### Data shown
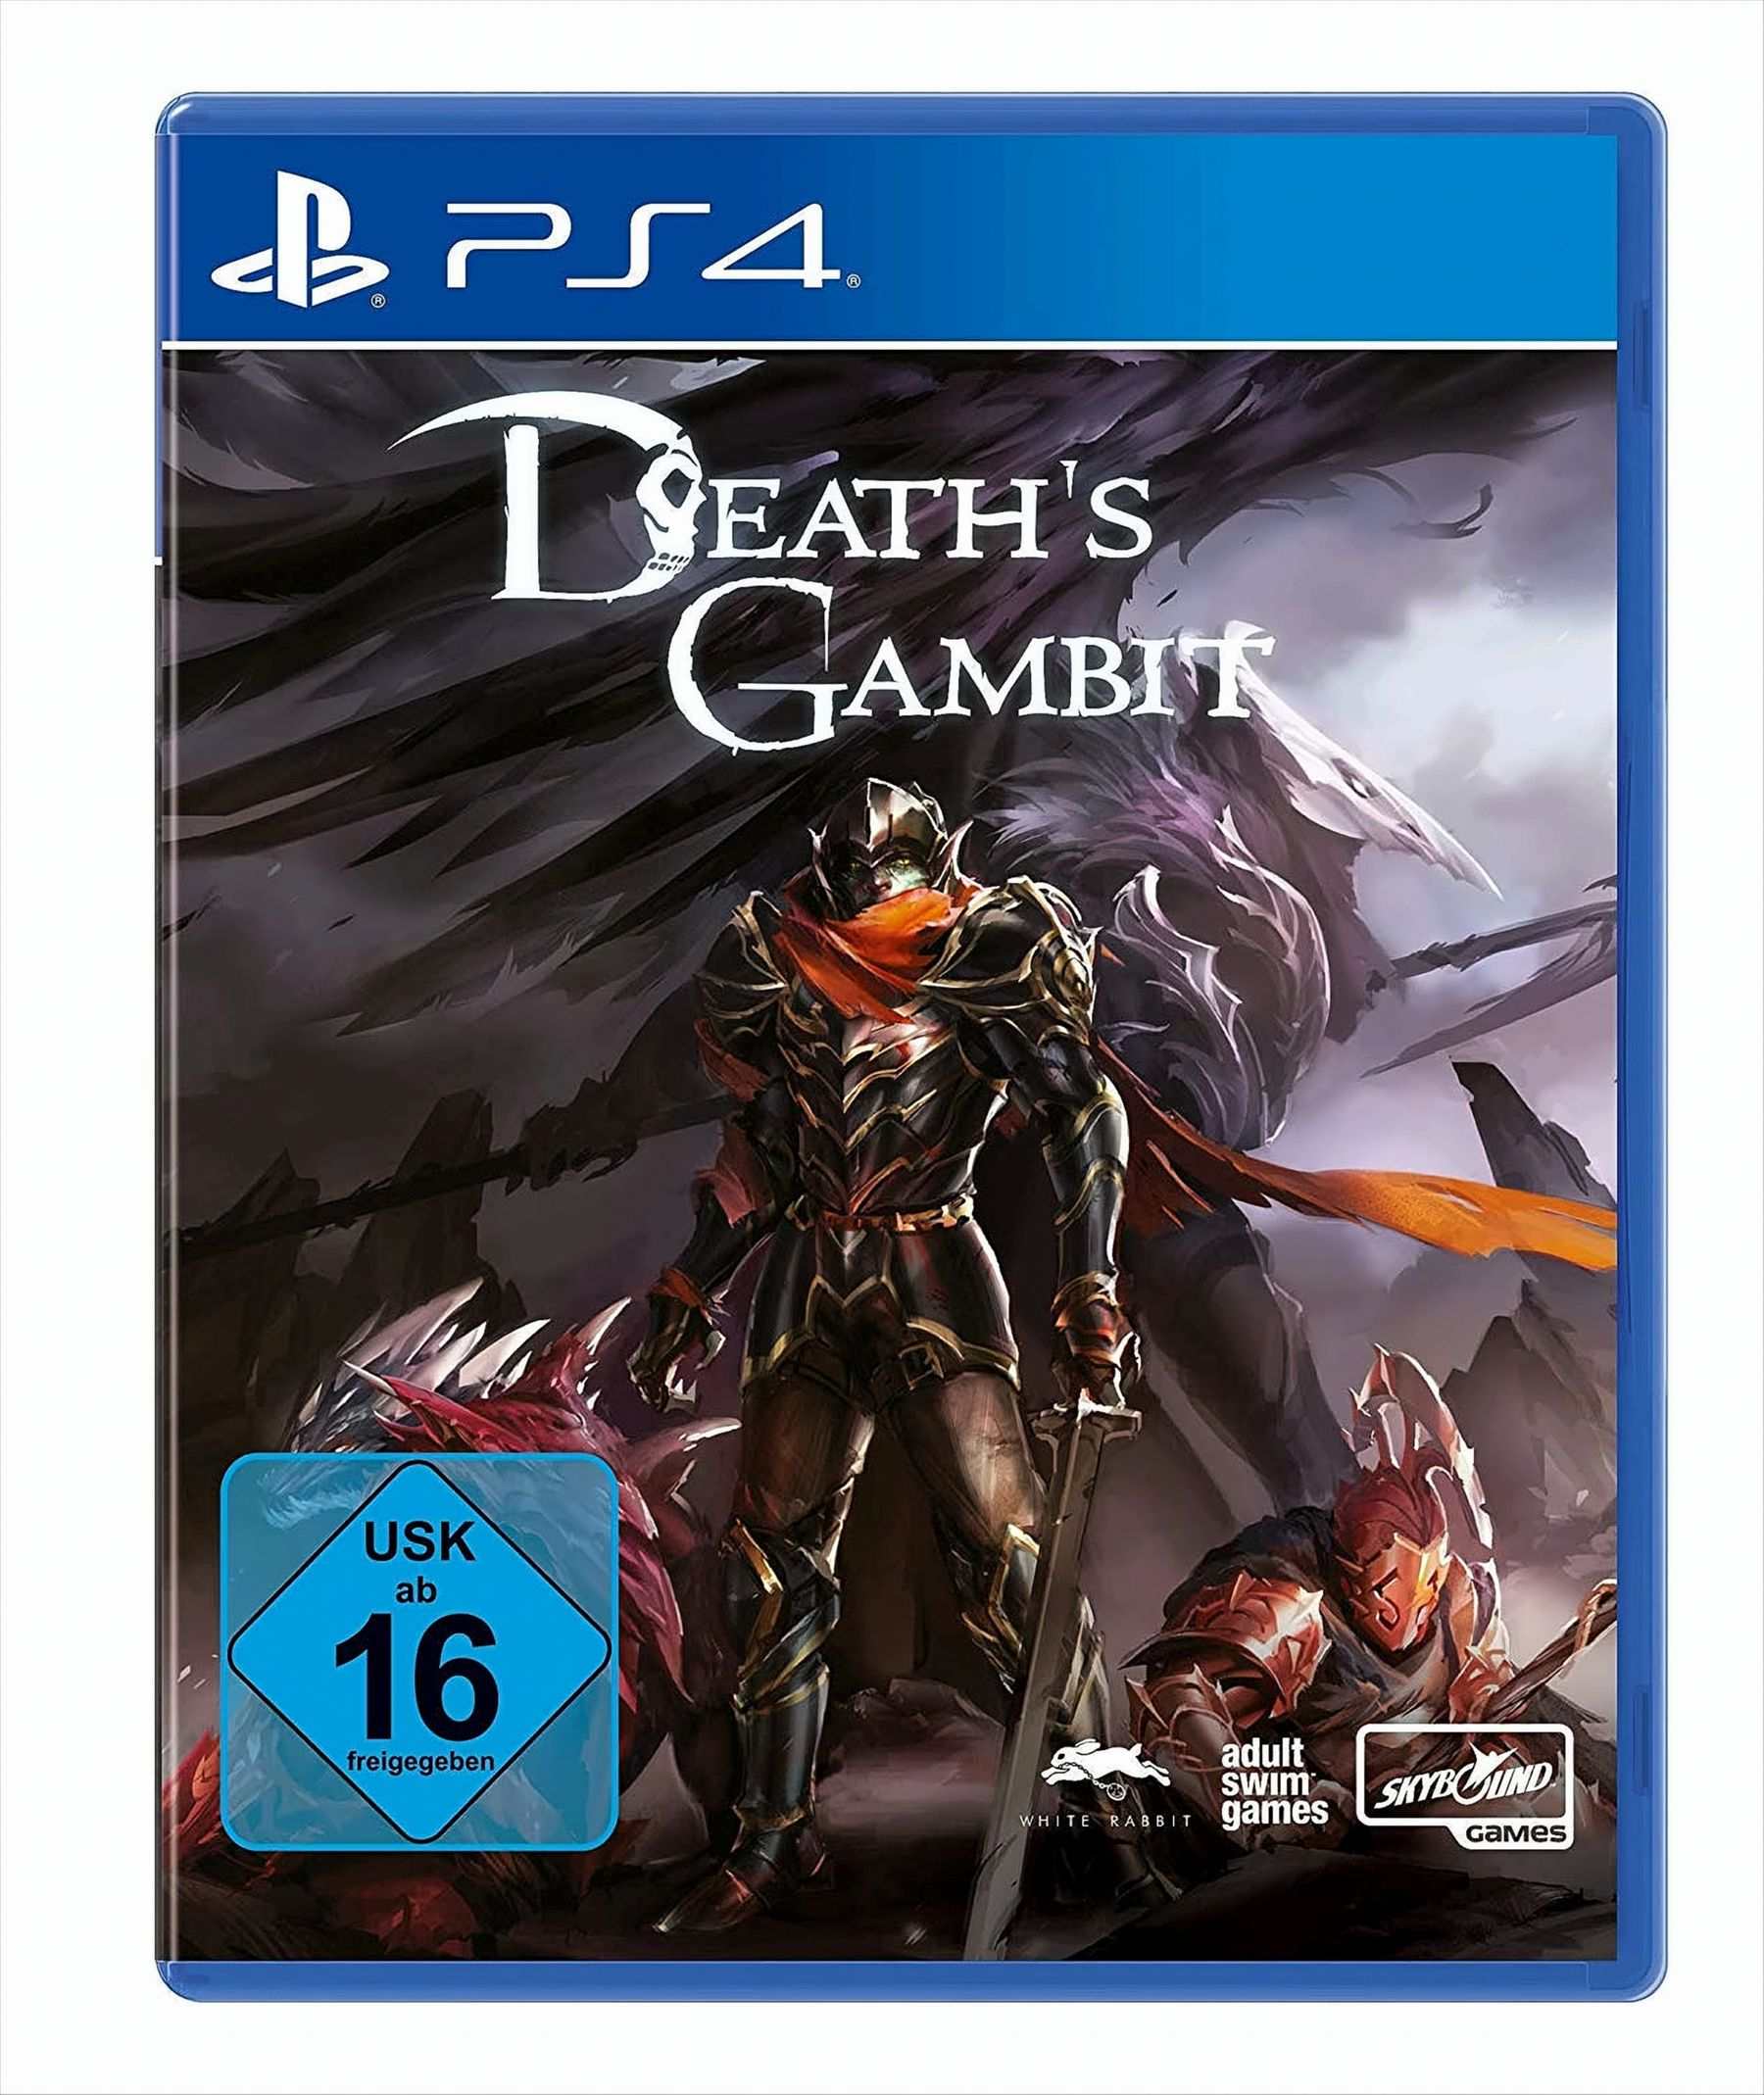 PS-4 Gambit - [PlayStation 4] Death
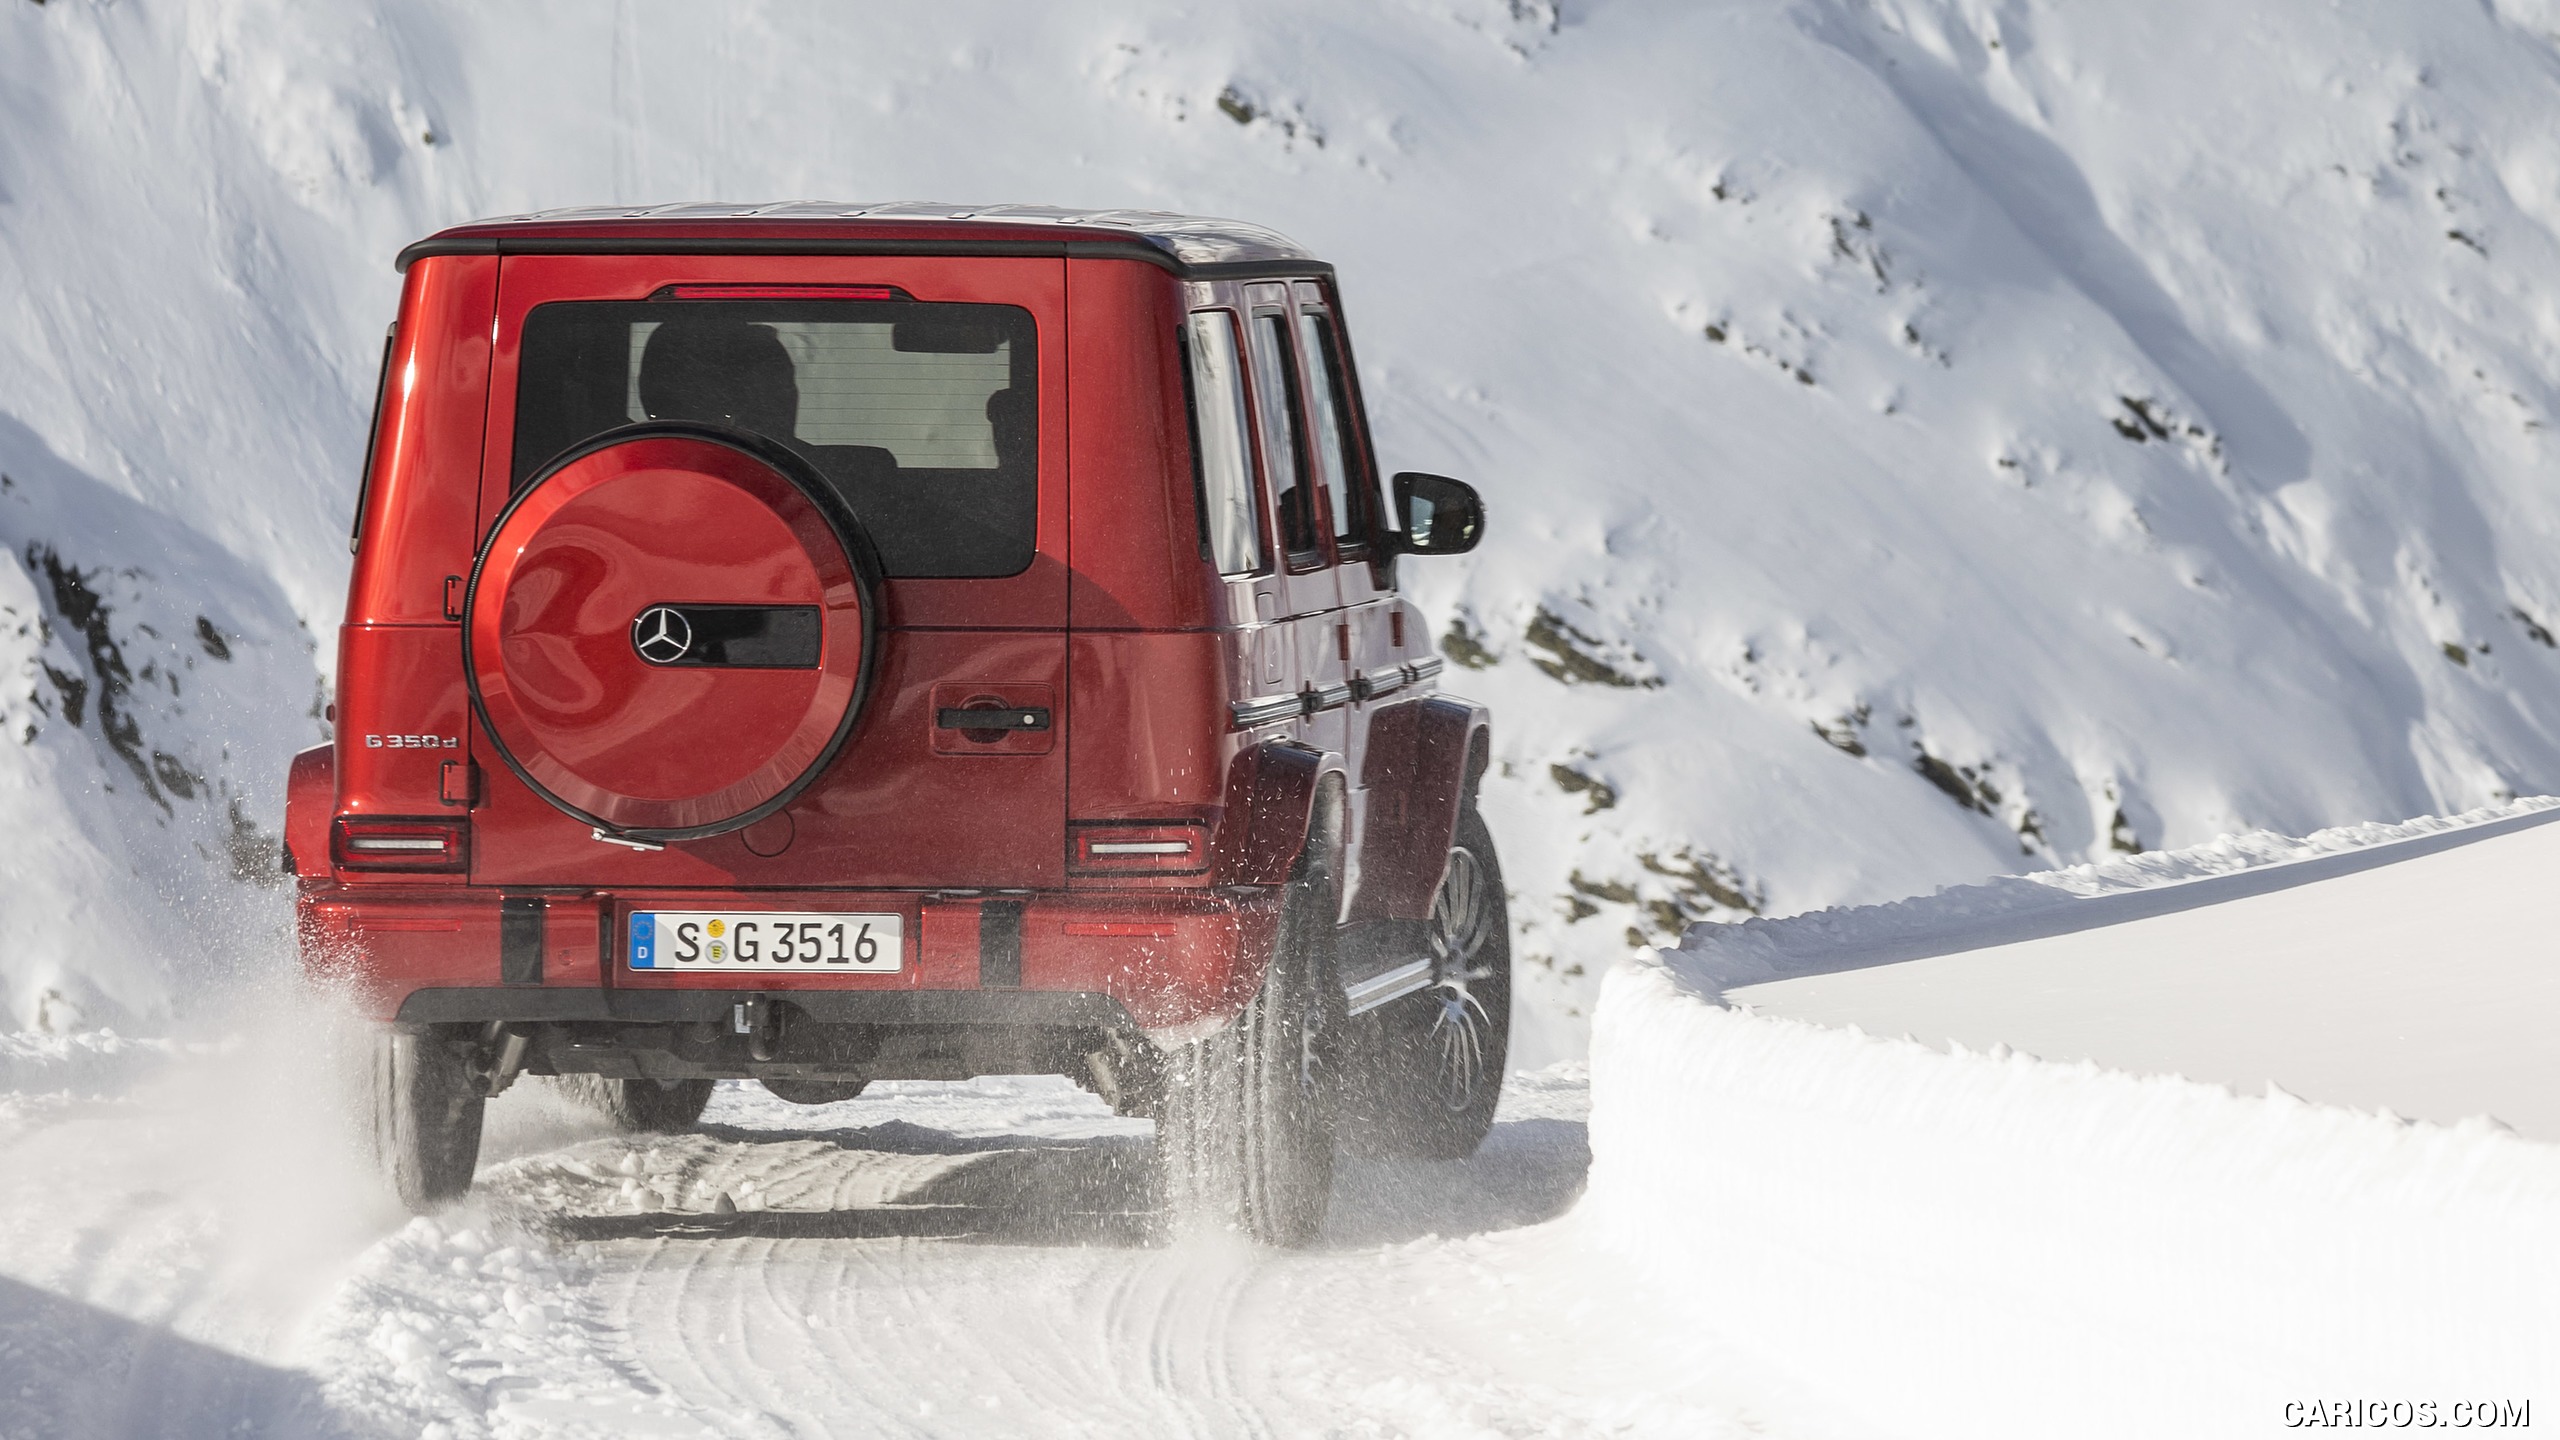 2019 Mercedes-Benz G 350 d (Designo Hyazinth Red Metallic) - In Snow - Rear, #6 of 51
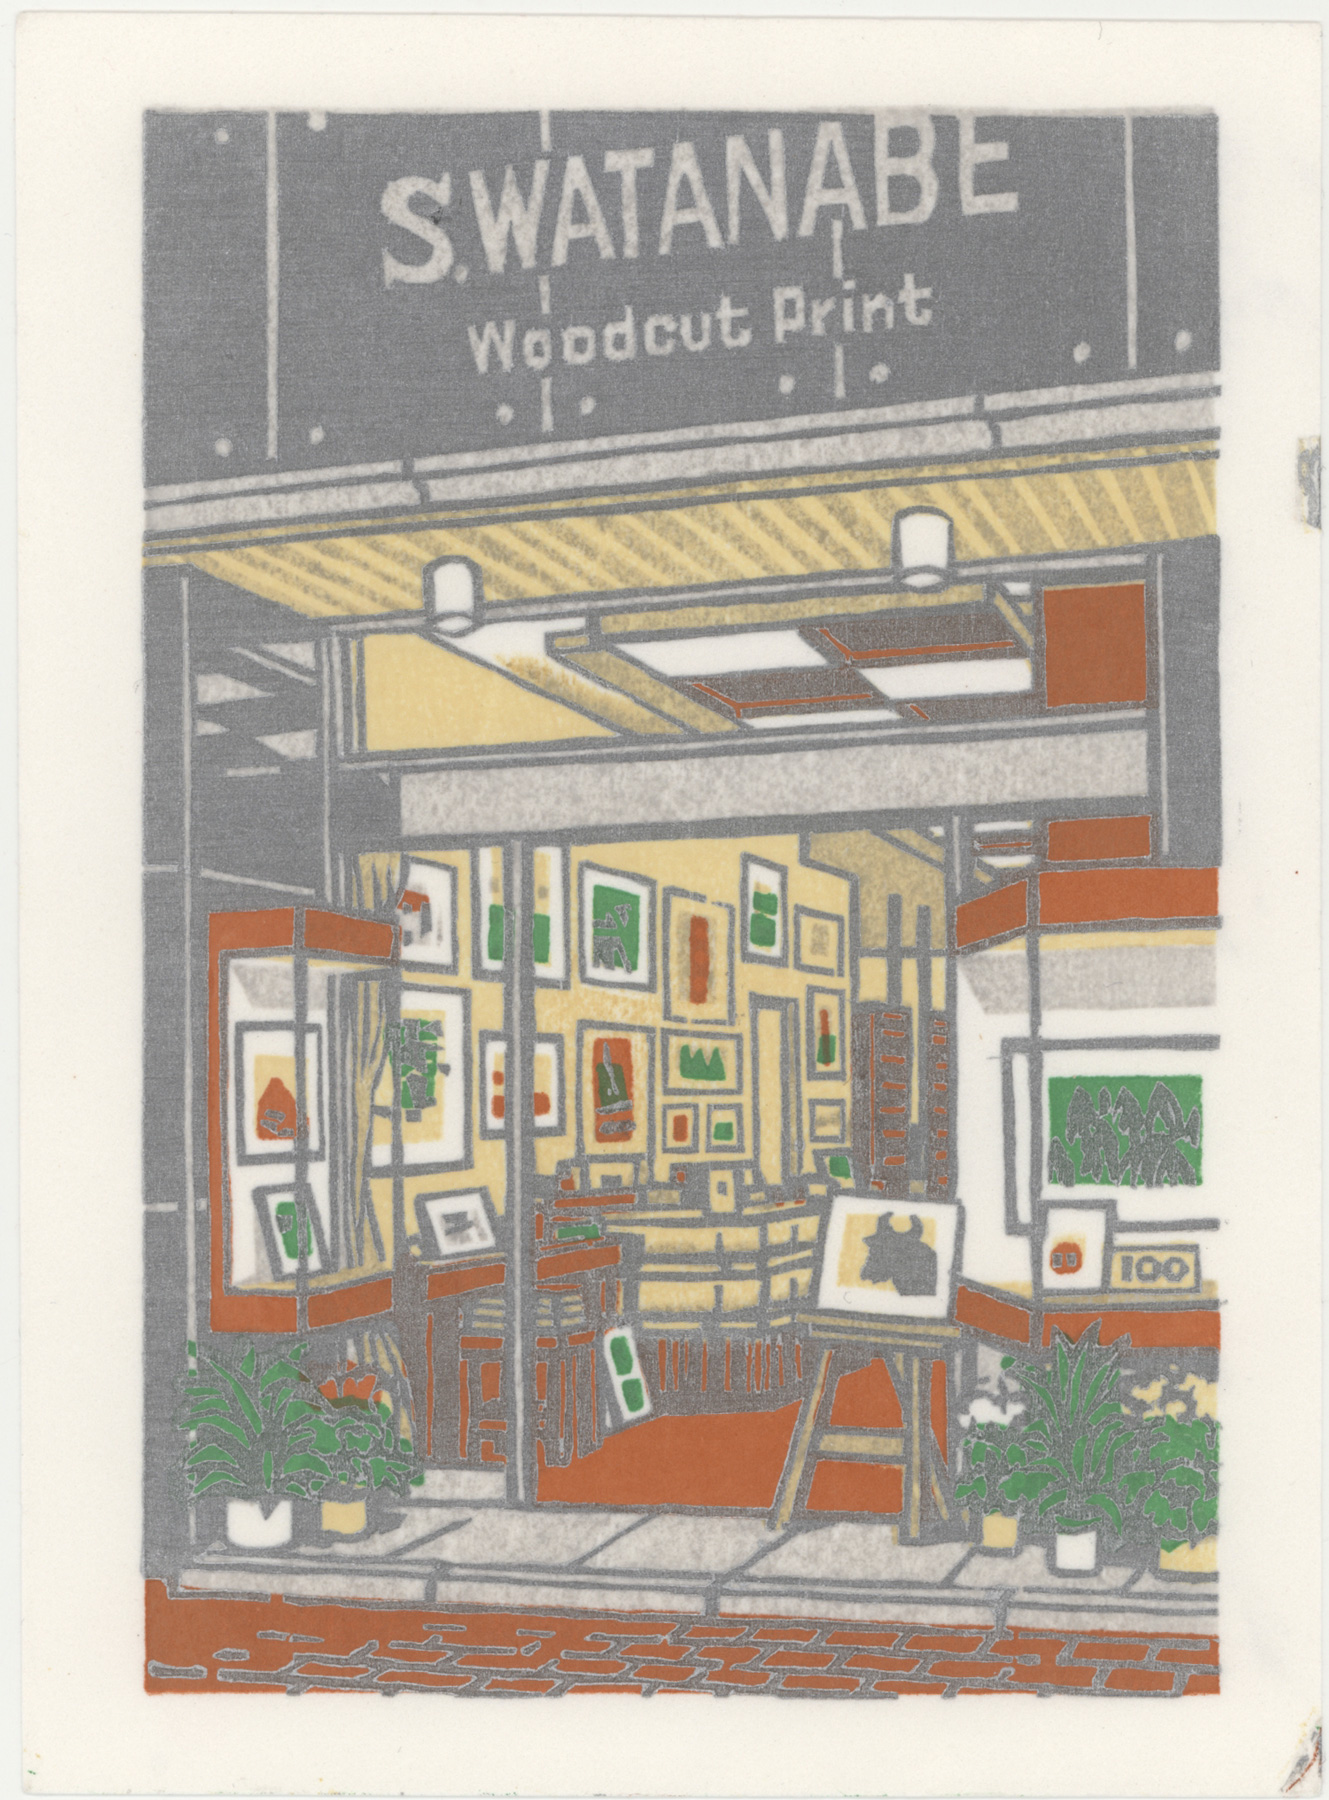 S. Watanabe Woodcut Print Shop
######
*Your assignment*
Return the listing above word for word, with the pictures removed.

*Reply to the exercise*
 PS-4 Gambit - [PlayStation 4] Death
 2019 Mercedes-Benz G 350 d (Designo Hyazinth Red Metallic) - In Snow - Rear, #6 of 51
 S. Watanabe Woodcut Print Shop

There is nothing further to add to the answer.